Step 4: Push through your heels and extend your legs to return to a neutral standing position.
What it Looks Like
Key points to remember during your squat:
Shoulders/Head Up & Back
Knees Behind Toes
Correcting Your Squat Form
Performing a proper squat can be difficult. If you’re not sure of your form, I recommend performing your squat in a mirror and checking out your form. If you have trouble holding proper form, whether that means sticking out your butt, coming up on your toes, bending too far forward there are a few things I would recommend to anyone who is having trouble.
Hold on To Something While Squatting
I know it sounds so basic. But just holding onto something is a great way to practice the correct squatting motion. Below are some pictures of this simple practice using the side of a squatting rack- this would really work with any sturdy piece of equipment.

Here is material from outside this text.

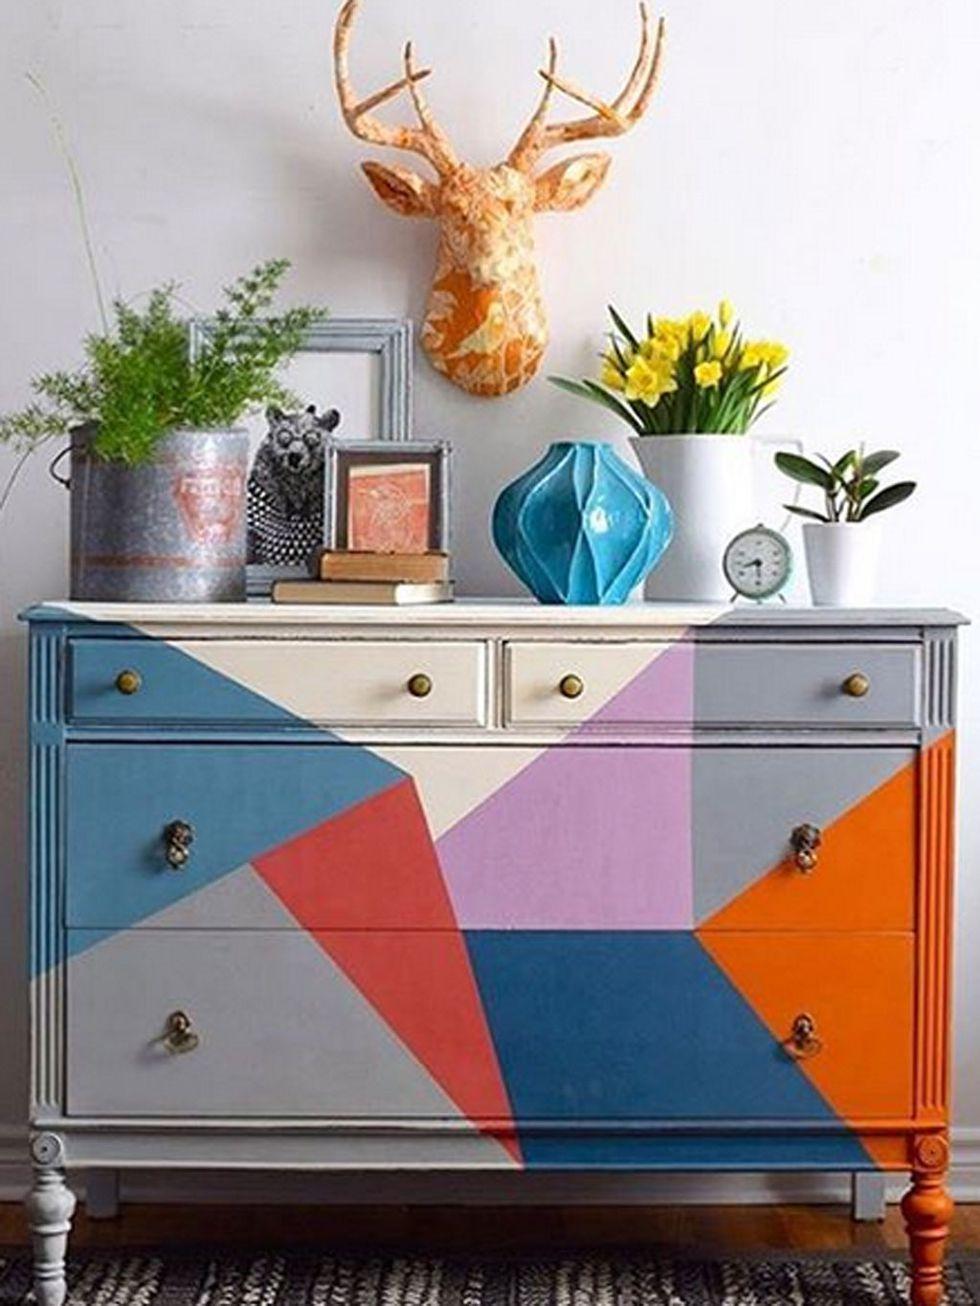 41++ Ideas para pintar muebles trends

One of the most important parts of a squat is that strong core. You need those strong core muscles to help you through this motion. A strong core will also allow you to hold the proper positioning while squatting, and will keep you balanced and braced throughout the exercise to avoid injuries.
For a few core strengthening routines please check out: 8 Exercises for Rock Hard Abs, or Build Your Own Core Routine.
Finally, if you’re having trouble correcting your improper squat form, it is very likely you have tight or overactive muscles. Whether it’s your calves, hamstrings, hip flexors, or even lats- there are all kind of muscles which may be affecting your squat form.
Luckily tight muscles are usually a simple fix. Practice foam rolling or stretching on your problem spots to keep your muscles loose and happy, and at their optimal length for performance.
Don’t forget, if you’re going to be doing static stretching just don’t do it before your workout, as some studies have shown it can inhibit your performance for up to 10 minutes after static stretching.